Binary search + histogram to find max square removing all numbers <= x (binary search for the answer)
Ah! Leetcode largest histogram. My leetcoding has gotten rusty these days,
or CSES. It's an interesting well known idea everyone should know.
Binary search with 2D prefix sums. I’m pretty sure that this exact problem appeared before multiple times.
I did binary search on the answer L. For a certain $$$l$$$, we can decompose the checker function into checking a grid of numbers $$$a_{i, j}$$$ — $$$l$$$ for the largest square of positive numbers, which can be done in O(NM) time using a stack.
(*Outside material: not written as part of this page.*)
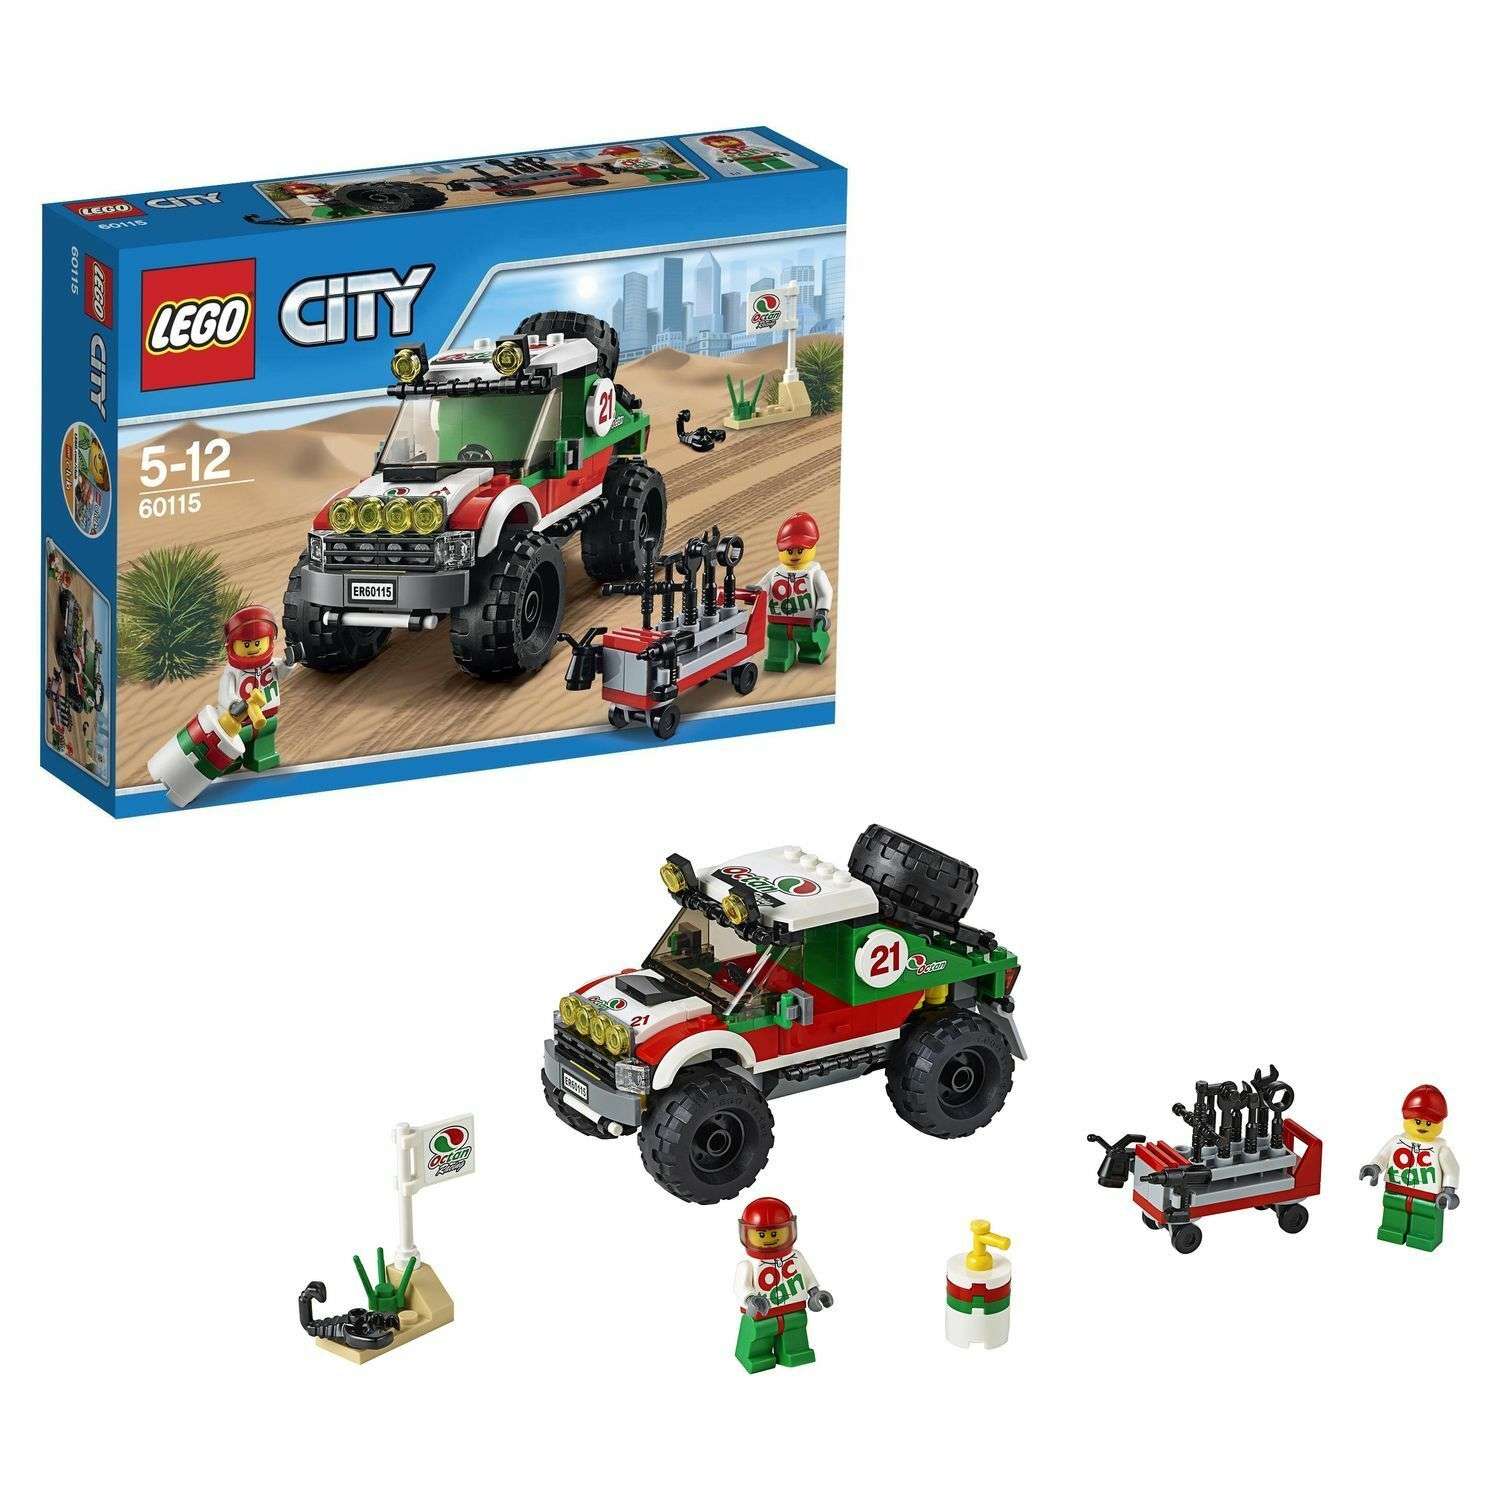 Конструктор LEGO City Great Vehicles Внедорожник 4x4 (60115) - фото 1

why is n*1.5 solution for C giving TLE
Don't use unordered_map
Even map is giving TLE. I think we have to use array instead
If you use map then the time complexity would be O((n^1.5)*log(n)). As the time limit was strict, this was too giving tle. Use a global array instead to remove that log factor.
is D a graph problem? How to solve** D**
D is a binary search problem
By using monotonous queue and binary search.
monotonous queue will help you to find the minimum value of all possible sub-matrices.
Binary search for l and dp for each l.
When doing dp, let dp[i][j]={r[i][j],c[i][j]}, where {r,c} is the max size of good rectangulars which rightbottom corner is {i,j}. if a[i][j]<l, r=c=0, or we can calculate r,c by value of dp[i-1][j], dp[i][j-1] and dp[i-1][j-1].
How to solve E? Any hint please?
Divide by the gcd and see what happens
Think about Euler's totient function
For the first time, I am regretting using C++ in CP contests.
.
I solved E by greedy: pretreat the number of edges with each different weight w (w = 2 to n/2), then try to operate for k from n/2 to 2 as many times as possible
However I got WA. My submission:186947754
Are there any counter examples?
Yes I have also considered greedy but I cannot prove or disprove it.
The greedy is true,but your code may is wrong.
I solve it in 186980785 by C++.
My code is strange.You only need the last line.
Can someone help me with problem C? I was stuck on TLE my idea was to remove the subarrays whose xor are perfect squares from all possible subarrays I generated perfectSquares till the maximumValue xor can take and then solved the problem "calculate subarrays with xor x for each perfectSquare"
Not sure if you used a hash map, but that's what I did initially and I also got stuck with TLE with a O(N * sqrt(N)) runtime. In the end, I replaced hash map with a fixed size array and it passed.......
i tried using fixed size array also. But it was giving tle.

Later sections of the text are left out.